Perhaps more similar to a freak show phenomenon than a rock band, the Rockets released their second album in 1978: "On the Road Again" would be a great success in Europe and particularly in Italy. The famous blues-rock track by Canned Heat, year 1968, is reinterpreted in a "space" key with hammering synthesizers and vocals filtered through a vocoder, and it gains in rhythm and power. The French group's bold, even silver-faced, stance, but this cover version works, indeed.
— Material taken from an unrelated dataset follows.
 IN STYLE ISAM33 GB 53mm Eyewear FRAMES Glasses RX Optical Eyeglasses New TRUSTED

The rest of the album is instrumental, except for the last track. "Cosmic Race" and "Venus Rapsody" have a strong melodic character entrusted to the keyboards, while in "Space Rock" (a title that says it all) the electric guitar modified with the talk box effect is heard again. But let's return for a moment to "Venus Rapsody": it could easily be part of Genesis's "Wind and Wuthering," just as certain passages of "Astrolights" seem borrowed from the instrumental solos of "Nursery Cryme." The Rockets as a progressive band? But weren't they a freak show phenomenon?
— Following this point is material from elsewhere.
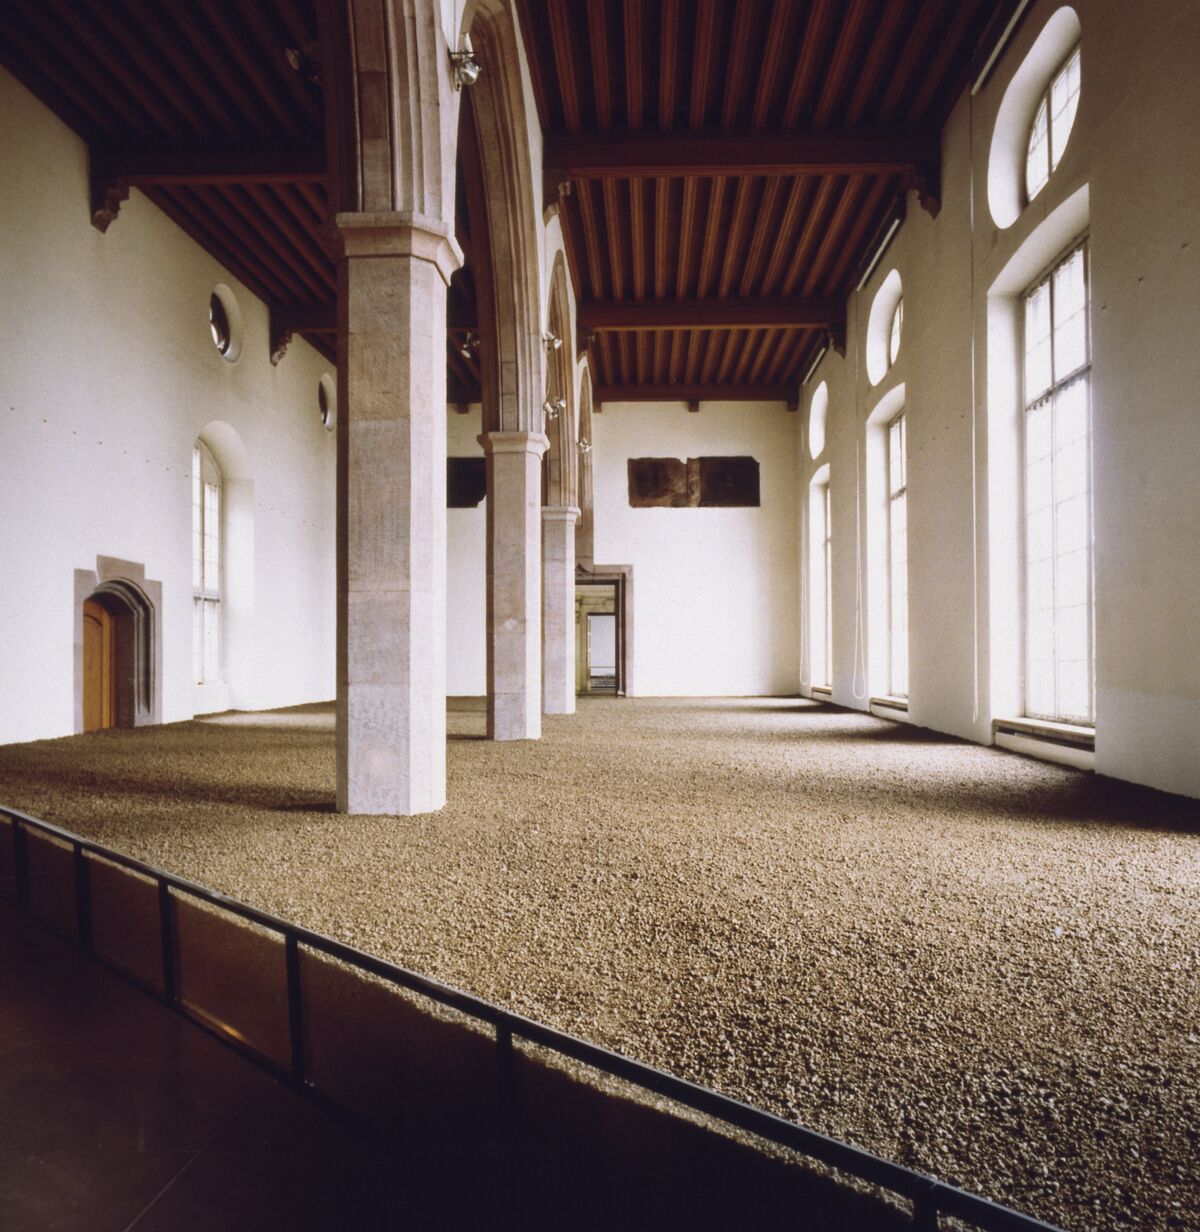 Walter De Maria, Darmstadt Earth Room, 1974. Photo by Timm Rautert. © The Estate of Walter De Maria. Courtesy of Dia Art Foundation.

"Electro-Voice", instrumental with a sung part, reflects the influence of Kraftwerk. Finally, the conclusion is entrusted to "Sci Fi Boogie," where the voice returns (without vocoder) in a wild science fiction boogie with electric guitar and drums in the foreground.
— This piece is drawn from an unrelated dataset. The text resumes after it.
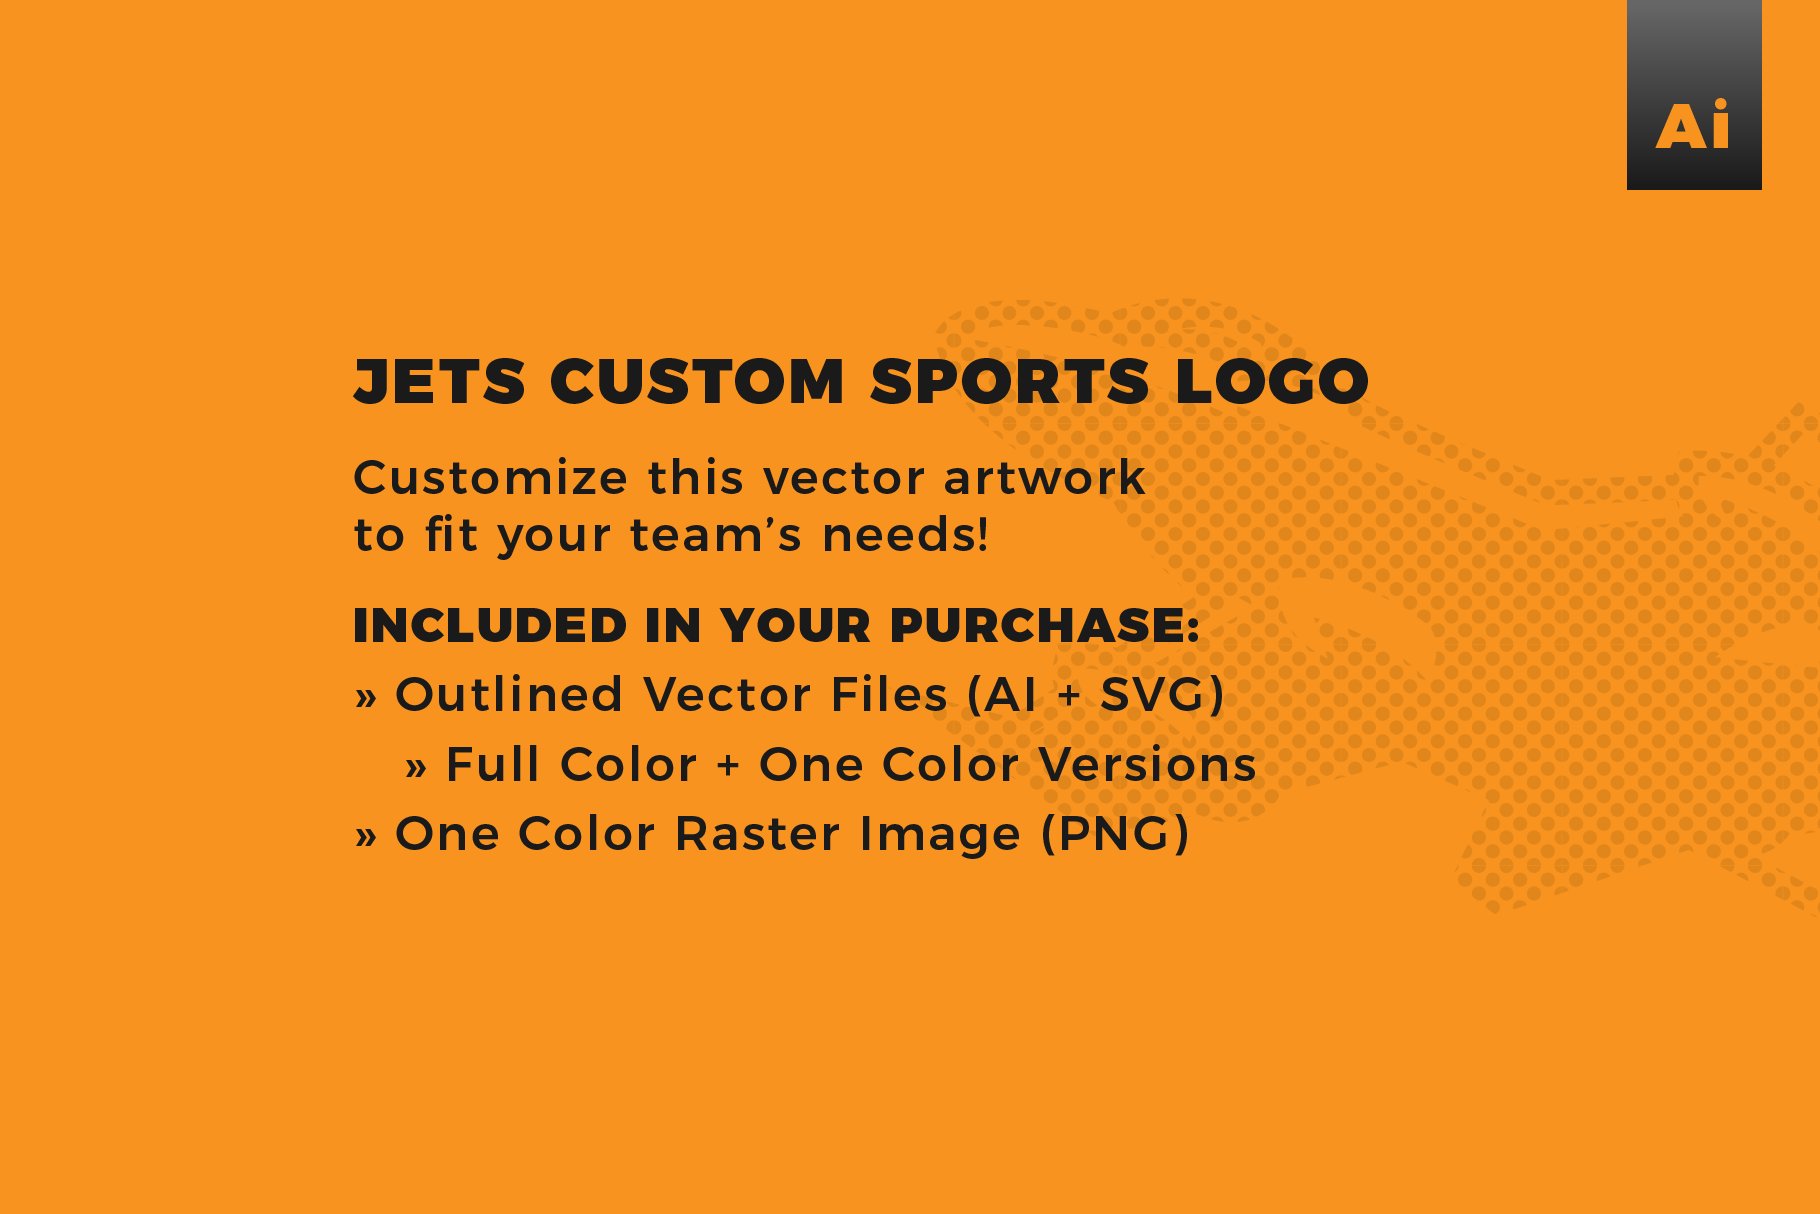 Jets | Custom Sports Logo preview image.

Stylistically very different from another French band active in the '70s, Magma, these two bands take the same space journey but in opposite directions: dissatisfied earthlings, Magma invent a remote planet - Kobaïa - and make it the promised land of their utopia; meanwhile, the Rockets come from space - they don't tell us from which planet - and seek on Earth, on the road, their legitimization. Shaved skulls, silver makeup on their faces, concerts based on laser shows: perhaps, more than a freak show phenomenon, the Rockets were indeed a (space) rock band.